I'm working on Alumnium (https://alumnium.ai). It's an open-source library to simplify web application testing with Selenium/Playwright.
I aim to create a stable and affordable tool that allows me to eliminate most of the support code I write for web tests (page objects, locators, etc.) and replace it with human-readable actions and assertions. These actions and assertions are then translated by an LLM into browser instructions. The tool, however, should still leverage all existing infrastructure (test runner, CI/CD, Selenium infrastructure).
So far, it's working well on simple websites (e.g., a calculator, TodoMVC), and I'm currently working on scaling it to large web applications.
I experimented with Computer Use and even though it's pretty cool, I ended up not using it for 2 main reasons:
1. It's unreasonably expensive. A single test "2+2=4" for a web calculator costs around $0.15. I run roughly 1k tests per month on CI and I don't want to spend $150 on those. The approach I took with Alumnium costs me $4 per month for the same amount of tests.
2. It tries too hard to make the test pass even when it's not possible. When I intentionally introduced bugs in applications, Computer Use sometimes pretended the everything was fine and marked the test passed. Alumnium on the other hand attempts to fail as early as possible.
For the 1st point, I generate a script with hashed check points so next run is automated unless something changes in the UI to invoke AI. I make this possible by proxy wrapping playwright library so I can take over every method. Users use playwright like they always have but with one extra method called act.
Omini parser lets you split section of the UI to hash and watch for changes that are relevant.

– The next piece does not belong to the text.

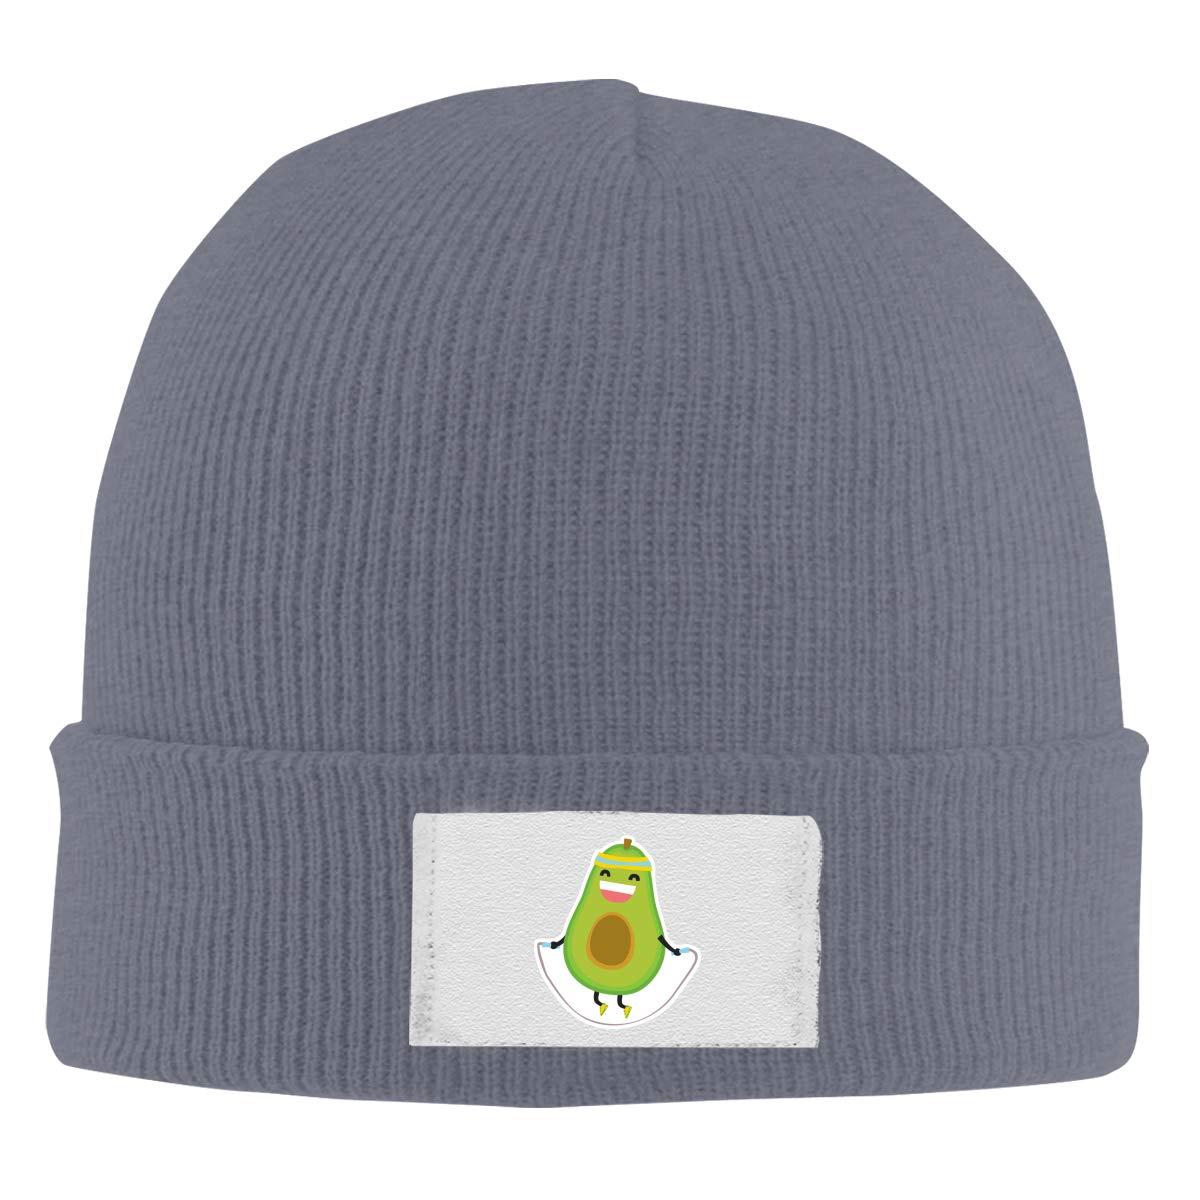 Dunpaiaa Skull Caps Avocado Jumping Rope Winter Warm Knit Hats Stretchy Cuff Beanie Hat Black

> For the 1st point, I generate a script with hashed check points so next run is automated unless something changes in the UI to invoke AI. I make this possible by proxy wrapping playwright library so I can take over every method. Users use playwright like they always have but with one extra method called act.
How would you determine that something changed in UI by just looking at a screenshot? Would you additionally compare HTML/DOM or approximate the two screenshots?
> Omini parser lets you split section of the UI to hash and watch for changes that are relevant.
I wasn't aware, thanks for sharing!
> For 2, can you give some examples?
Specifically, if you take the Shortest tool (https://shortest.com), a test runner powered by Computer Use API, write a test "Validate the task can be pinned" for https://todomvc.com/examples/vue/dist/, and run it — it passes. It should have failed because there is no way to "pin" tasks in the app, yet it pretends that completing the task is the same as pinning.
Compare parts of screenshot and see if they changed. I didn't want to use DOM at all. My hypothesis was multi model AI agents will get cheaper over time (Gemini flash is crazy cheap) and people would start putting in attacks in the DOM to confuse AI.
Additionally, existing tools that I used struggled interacting with sites like reddit. So I set out to skip DOM and focus on a generalized approach.
I tried to go cheaper by using ui-tars, open source model by bytedance to run test locally without needing anthropic but it wasn't reliable enough.
That short test link is interesting. I didn't know they existed. Wow, the field is moving fast.
I aim to create a stable and affordable tool that allows me to eliminate most of the support code I write for web tests (page objects, locators, etc.) and replace it with human-readable actions and assertions. These actions and assertions are then translated by an LLM into browser instructions. The tool, however, should still leverage all existing infrastructure (test runner, CI/CD, Selenium infrastructure).
So far, it's working well on simple websites (e.g., a calculator, TodoMVC), and I'm currently working on scaling it to large web applications.